If you encounter this question on your certification exam, remember:
✅ Incrementality = measuring causal impact of ads.

Knowing this difference can help you manage your media budget better and confidently pass your certification.

I hope you understand the question and how to choose the right option. Now, if you are ready, you can take the exam on Skillshop – Google Ads Measurement Certification. If you want more real exam questions and answers like this one, which have already been covered, follow along. I’ll be breaking down more Google Ads Measurement Certification exam questions with full solutions in the next posts on Google Ads!

FAQs

Are incrementality experiments harder to run than A/B tests?

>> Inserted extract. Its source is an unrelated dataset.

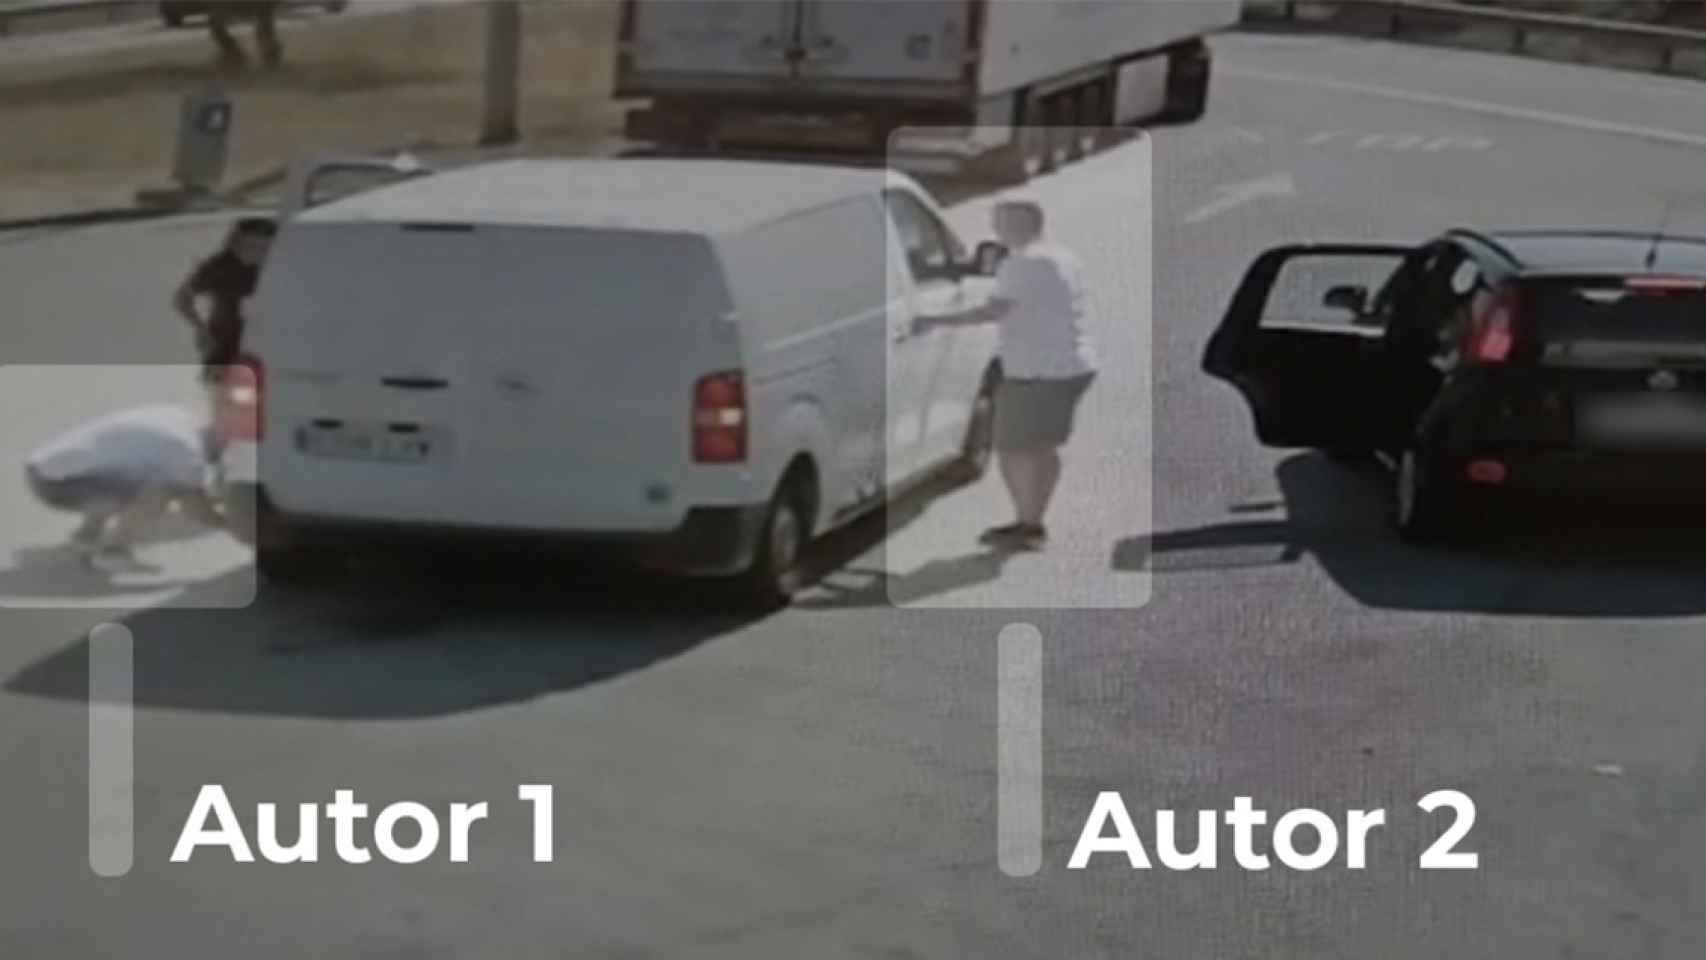 Uno de los ladrones ayuda a la víctima con un pinchazo mientras su compañero desvalija el coche / MOSSOS

Incrementality experiments need more planning, complex setup, and advanced stats skills than regular A/B tests because they focus on measuring the real impact by carefully isolating cause and effect.

Can I use Google Ads to run incrementality tests?

Yes. Google offers tools for running incrementality tests, like lift measurement and holdout experiments. These help advertisers measure the true effect of their ads by comparing groups that saw the ads with those that didn’t.

What kind of business should use incrementality tests?

Advertisers who want to know the true impact of their ads should use incrementality tests, especially if customers interact with many touchpoints. These tests are most helpful for businesses with large budgets or complex, multi-channel setups.

Is it necessary to always run incrementality tests?

Not always. Use incrementality experiments mainly to check costly campaigns or when current attribution methods don’t clearly show the real impact of ads. Save these tests for times when being sure is important.